IR = _______________
IC = _______________
What will the
inductor current be?
IL = _______________
5. Apply
KCL to the branch currents. Does the sum of the branch currents equal the
total current?
6. Now
measure the component currents.
IR
measured = _______________
IC
measured = _______________
IL
measured = _______________
Did the current
measurements correspond to theory?
Which circuit
rule or law can we now use to find the component voltages?
7. Use
it to find the component voltages.
VR =
_______________
VC =
_______________
VL =
_______________
Apply KVL to
one of the circuit loops and check that the sum of the voltage drops is equal
to the supply voltage.
8. Now
measure the component voltages.
VR
measured = _______________
VC
measured = _______________
VL
measured = _______________
Did the voltage
measurements correspond to theory?
ECT 125 Week 5 Lab Assignment 3 | Devry
University
Exercise:Resistor
and Inductor in Series With Parallel Combination of Capacitor and Resistor
1. Construct the
series-parallel circuit shown.
2. Determine the total circuit
impedance (including phase) for the circuit.
To do this you
must first determine Zparallel consisting of the
resistor 2 and capacitor in parallel. Next you must add the resistance and
inductive reactance.
Zparallel = ______________
ZT = ______________
3. Determine the total circuit
current (including phase) for the circuit.
IT = ______________
4. Use the current divider rule
to determine the resistor R2 and capacitor currents.
IR2 = ______________
IC = ______________
What will the
resistor R1 current be?
IR1 = ______________
5. Apply KCL to the branch
currents.Does the sum of the branch currents equal the total current?
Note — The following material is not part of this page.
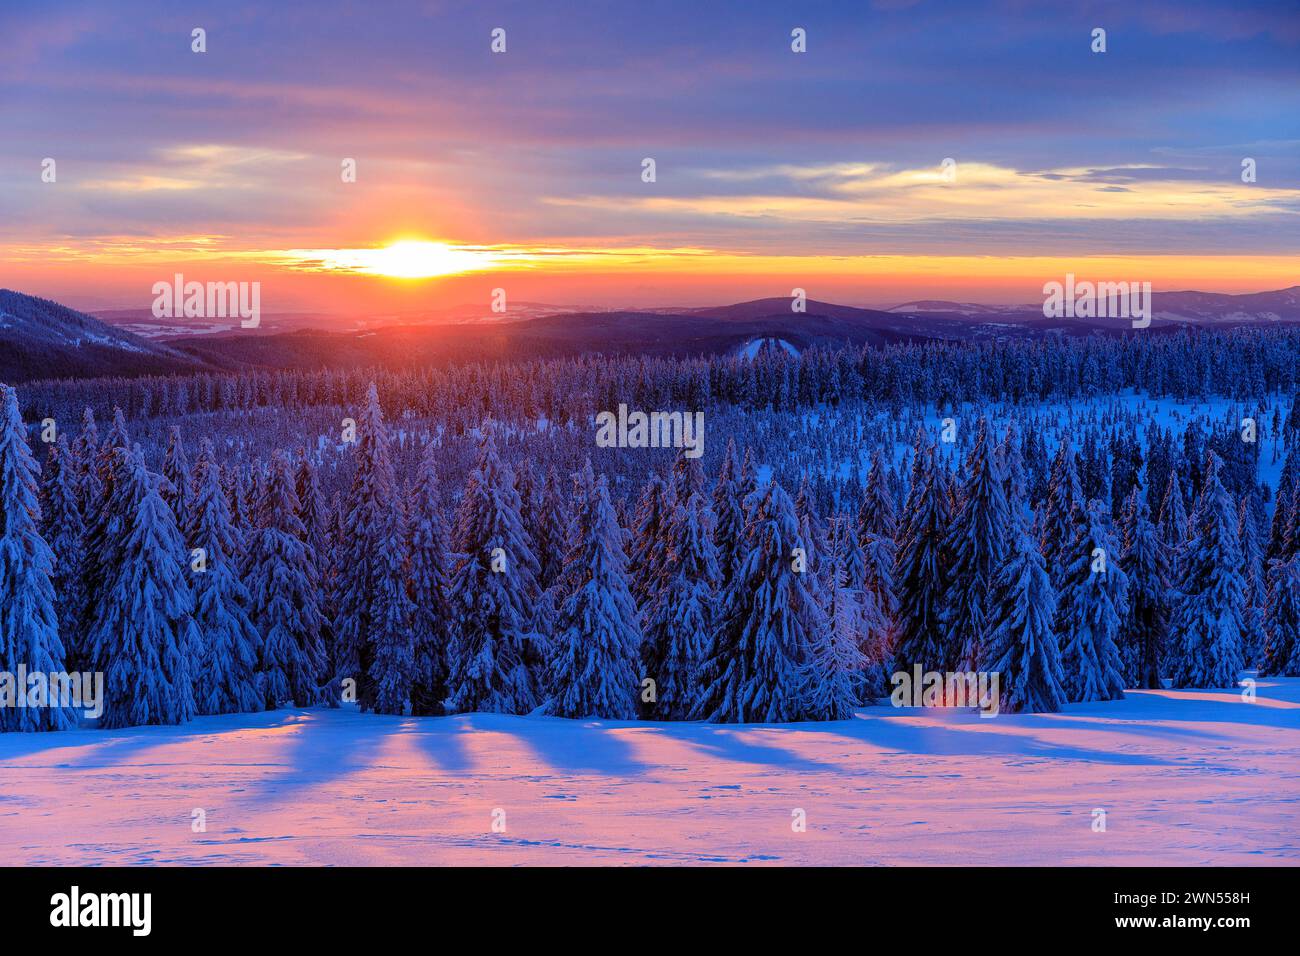 Sonnenuntergang und Winterlandschaft an der Wossecker Baude oberhalb von Harrachsdorf im Riesengebirge, Tschechien *** Sunset and winter landscape at Stock Photo

6. Now measure the component
currents.
IR1
measured =______________ IR2
measured =______________
IC
measured =______________ IL
measured =______________
Did the current
measurements correspond to theory?
Which circuit
rule or law can we now use to find the component voltages?
7. Use it to find the component
voltages.
VR1 =______________
VR2 =______________
VC =______________
VL =______________
Apply KVL to
one of the circuit loops, and check that the sum of the voltage drops is equal
to the supply voltage.
8. Now measure the component
voltages.
VR1
measured =______________ VR2
measured =______________
VC measured =______________ VL
measured =______________
Did the voltage
measurements correspond to theory?
ECT 125 Week 6
Discussion | Assignment Help | Devry University
Week 6: Logarithm and Filters
How do you design a band-pass filter
by using a low-pass and high-pass filter combination?
ECT 125 Week 6 Quiz | Assignment Help | Devry
University
Question 1
(TCO 7) Voltage gain of an audio amplifier uses the
following formula. If the input signal is 3 mV and the output signal level is 3
volts, find the voltage gain.
Question 2
(TCO 6) A series RCL circuit consists of a 500 Ω
resistor, 50 Ω capacitor, and a 50 Ω inductor. What is the magnitude of
the total impedance?
Question 3
(TCO 8) A filter that rejects low frequency
components of a signal is a _____.
Question 4
(TCO 6) Calculate the IL, IR, in polar notation,
for the following circuit.
ECT 125 Week 6 Lab Assignment 1 | Devry University
Part I:Logarithms
1. Determine the logarithms of the
following numbers.
a. Log(302) = ________________
b. Log(2) = _________________
c. Log(501) = _________________
d. Log(.333) = _________________
e. Log(3) = _________________
f. Log(1) = _________________
g. Log(67972) = _________________
h. Log(.36722) = _________________
i. Log(.00001) = _________________
j. Log(2.788) = _________________
2. Determine the logarithms of the
following numbers by adding the logs of each number.
a. Log(302 x 503) = _________________
b. Log(12 x 37) = _________________
c. Log(5 x 389) = _________________
d. Log(.333 x .227) = _________________
3. Determine the logarithms of the
following numbers by subtracting the logs of each number.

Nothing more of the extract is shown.